I'm trying to get all the links connected to each image in this webpage.
I can get all the links if I let a selenium script scroll downward until it reaches the bottom. One such link that I wish to scrape is this one.
Now, my goal here is to parse all those links using requests. What I have notice that the links that I want to parse are built using such B-uPwZsJtnB
shortcode.
However,
I'm trying to scrape those different shortcode
available in a script tag found in page source in that webpage. There are around 600 shortcodes
in that page. The script that I've created can parse only the first 70
such shortcode
which ultimately can built 70 qualified links.

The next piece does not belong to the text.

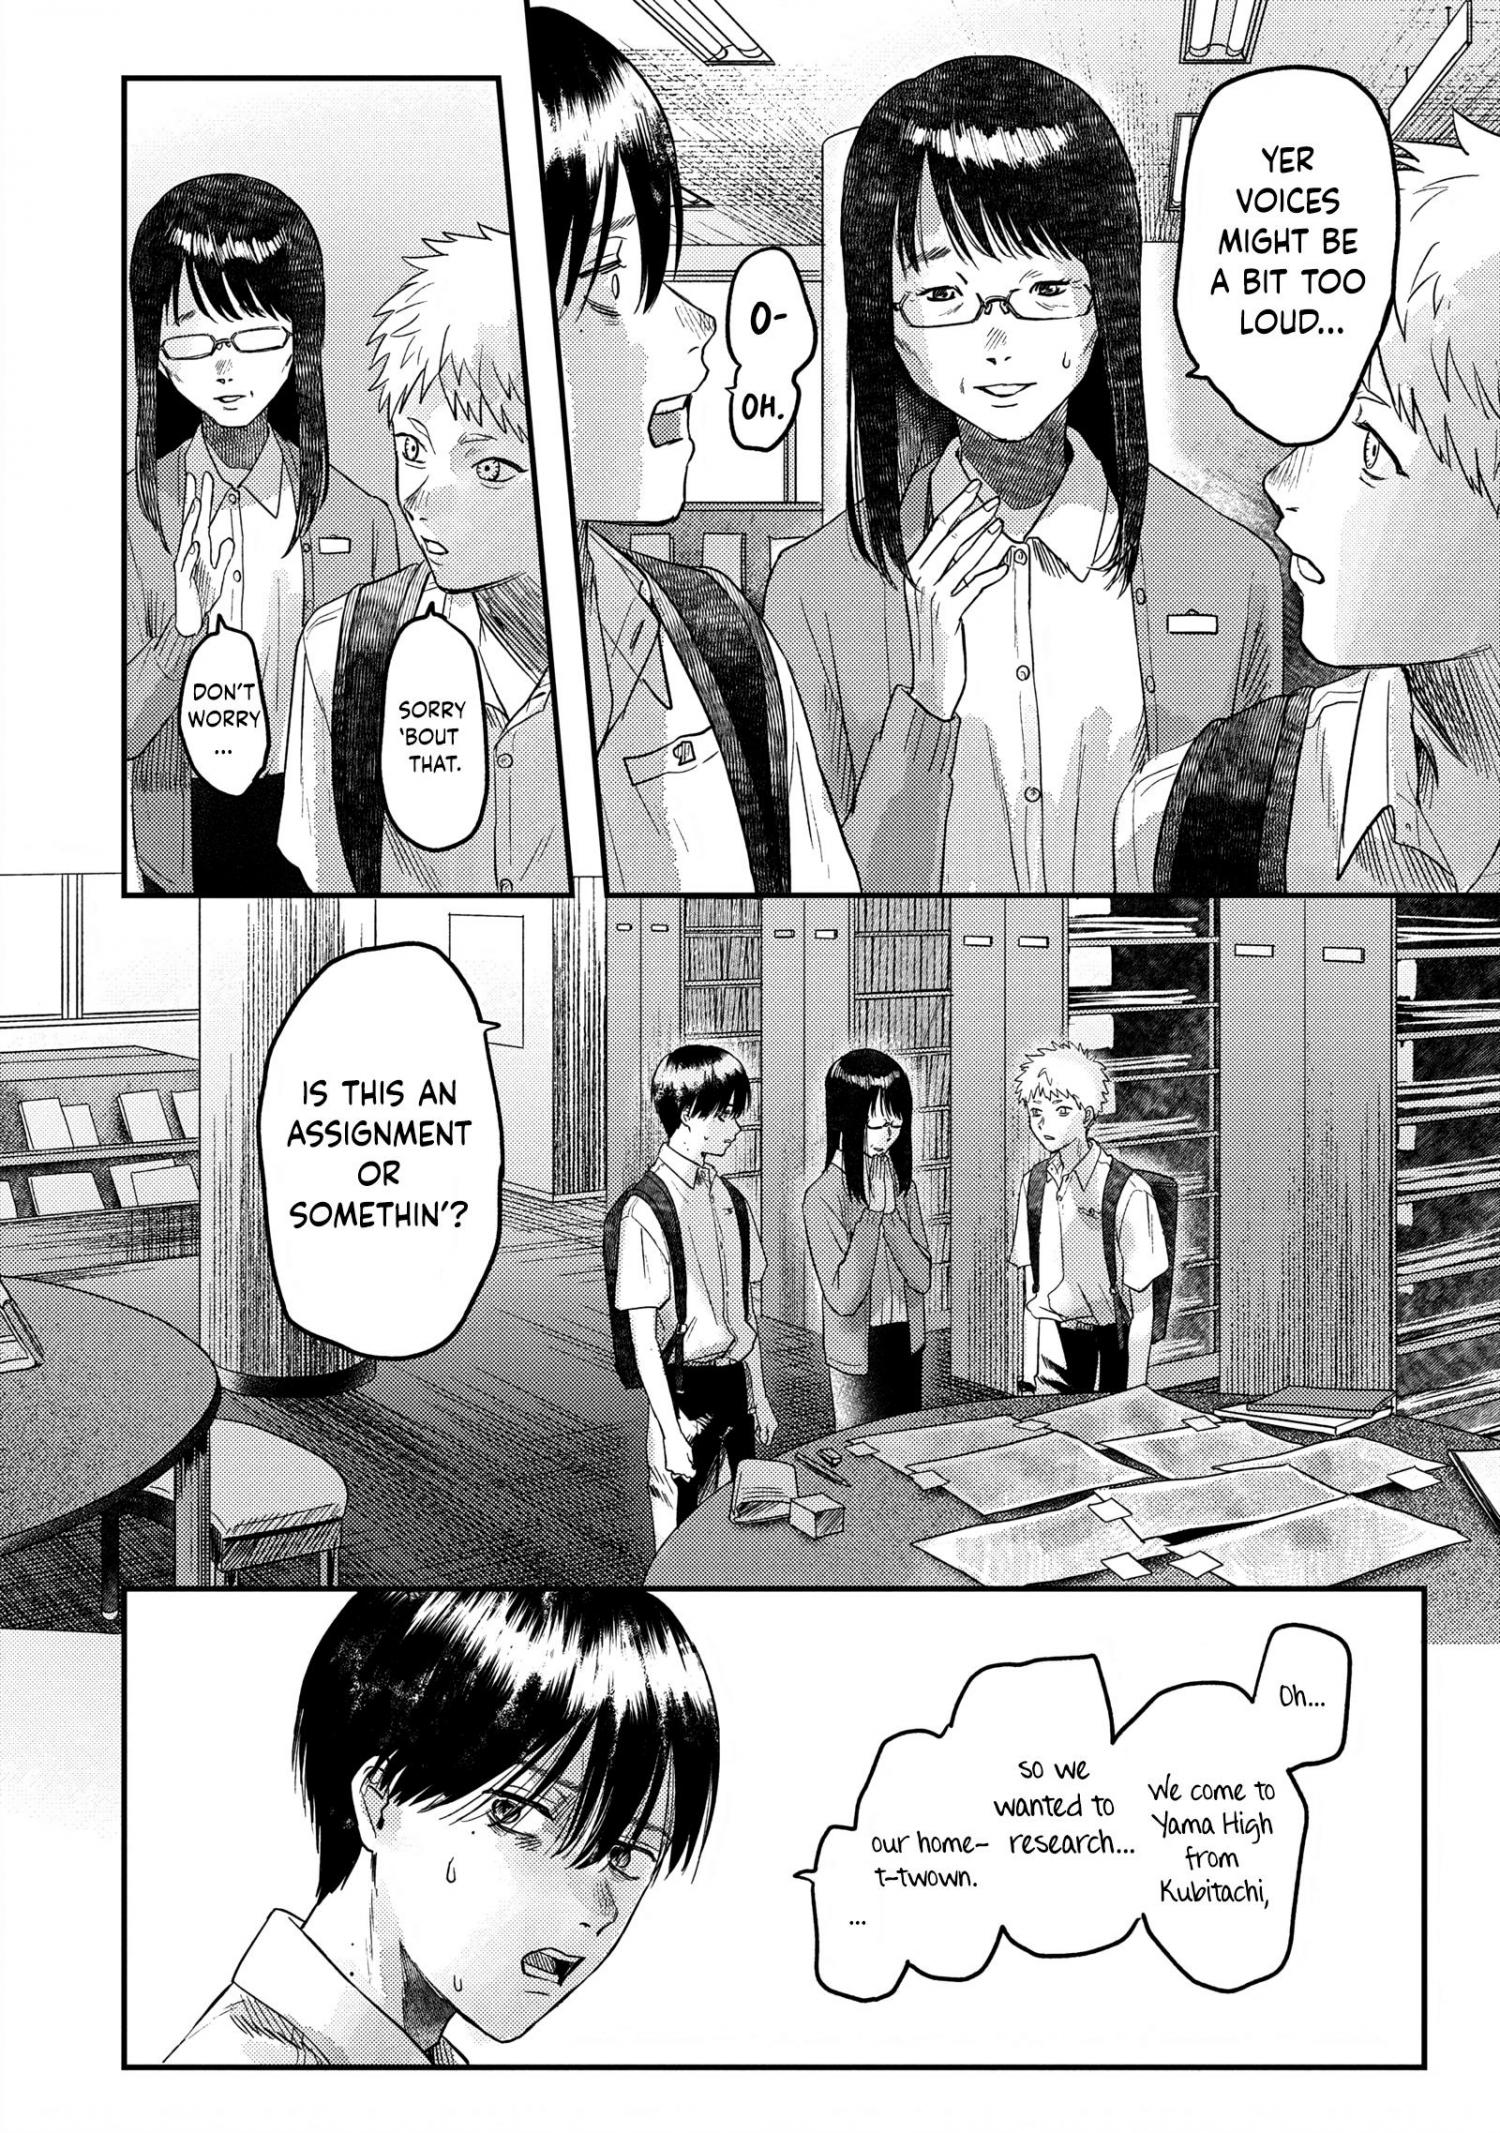 Yuusha ga Shinda! - Kami no Kuni-hen Ch.4 Page 17 - Mangago
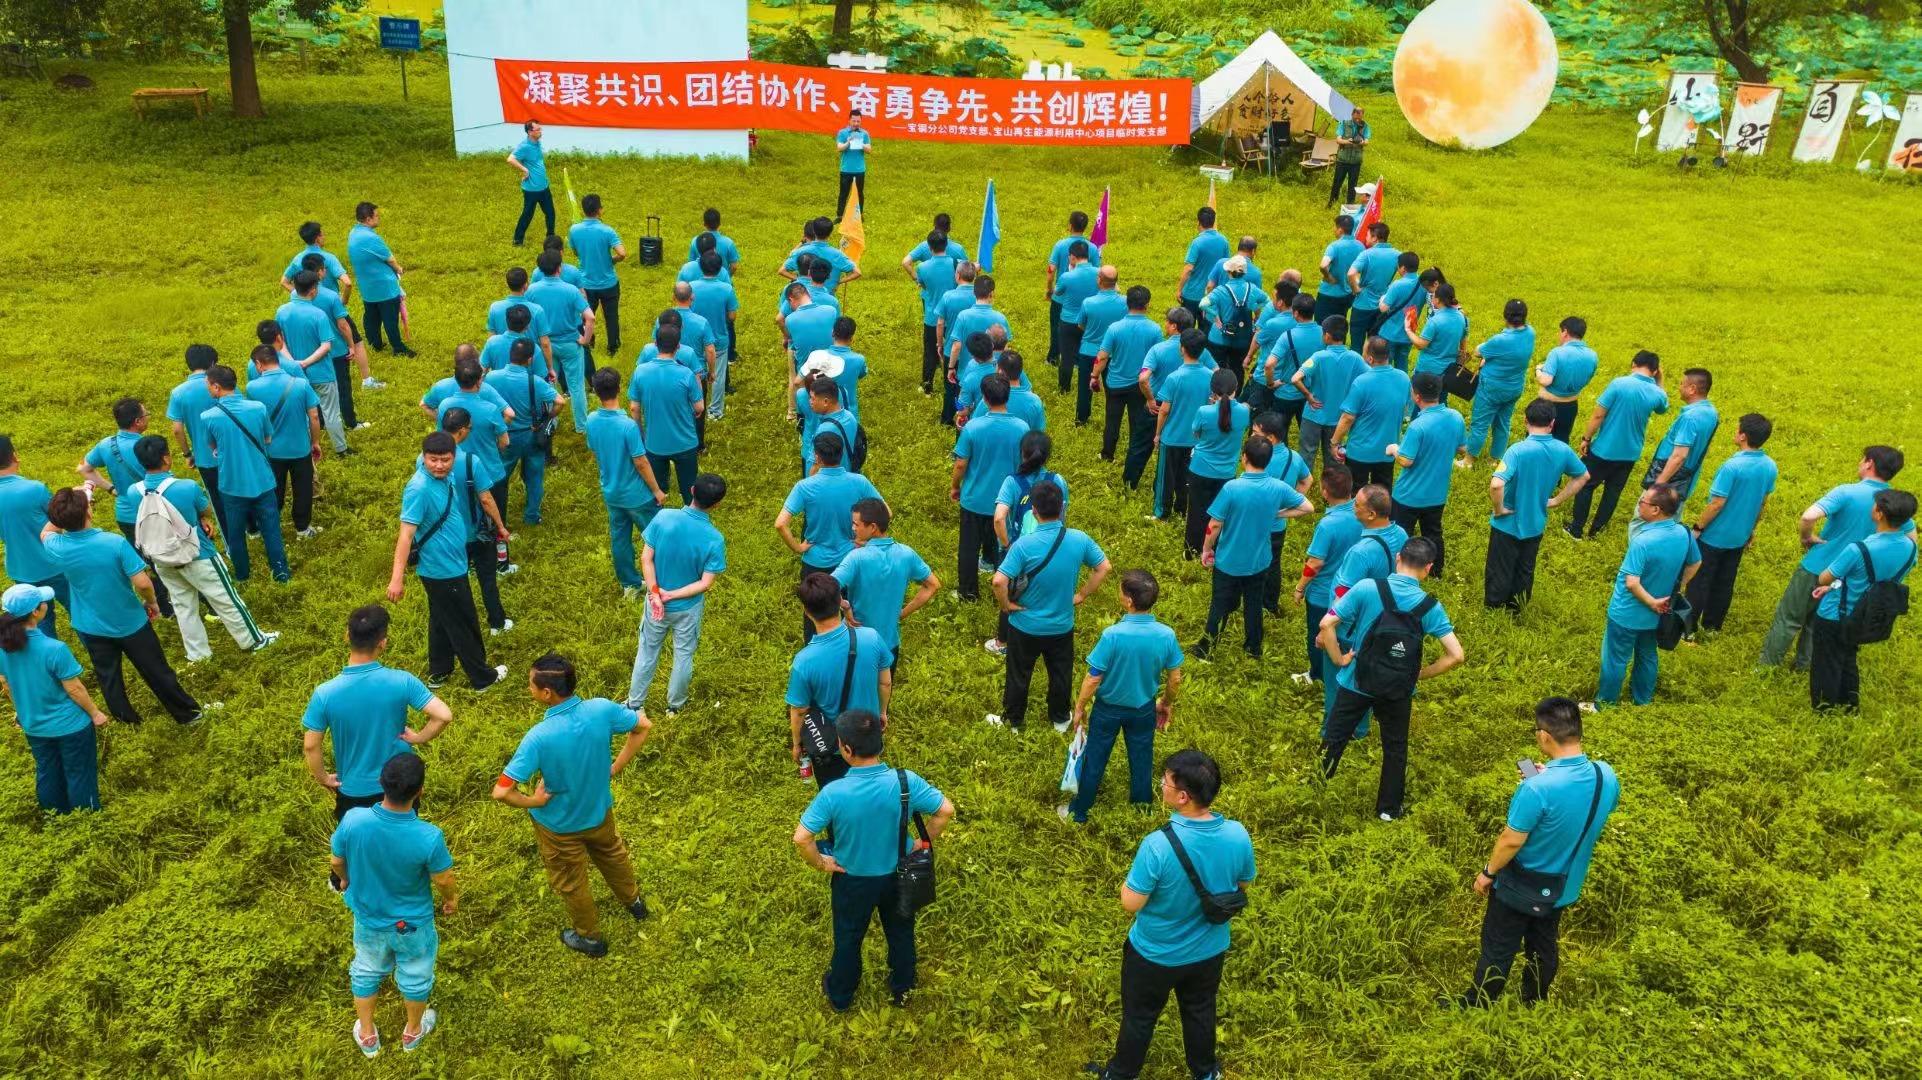 上海宝冶冶金工程有限公司基层单位开展团队户外拓展活动

How can I grab all 600 links using requests?
I've tried so far with:
import re
import json
import requests
base_link = 'https://www.instagram.com/p/{}/'
lead_url = 'https://www.instagram.com/explore/tags/baltimorepizza/'
with requests.Session() as s:
s.headers['User-Agent'] = 'Mozilla/5.0 (Windows NT 6.1) AppleWebKit/537.36 (KHTML, like Gecko) Chrome/77.0.3865.120 Safari/537.36'
req = s.get(lead_url)
script_tag = re.findall(r"window\._sharedData[^{]+(.*?);",req.text)[0]
for item in json.loads(script_tag)['entry_data']['TagPage']:
tag_items = item['graphql']['hashtag']['edge_hashtag_to_media']['edges']
for elem in tag_items:
profile_link = base_link.format(elem['node']['shortcode'])
print(profile_link)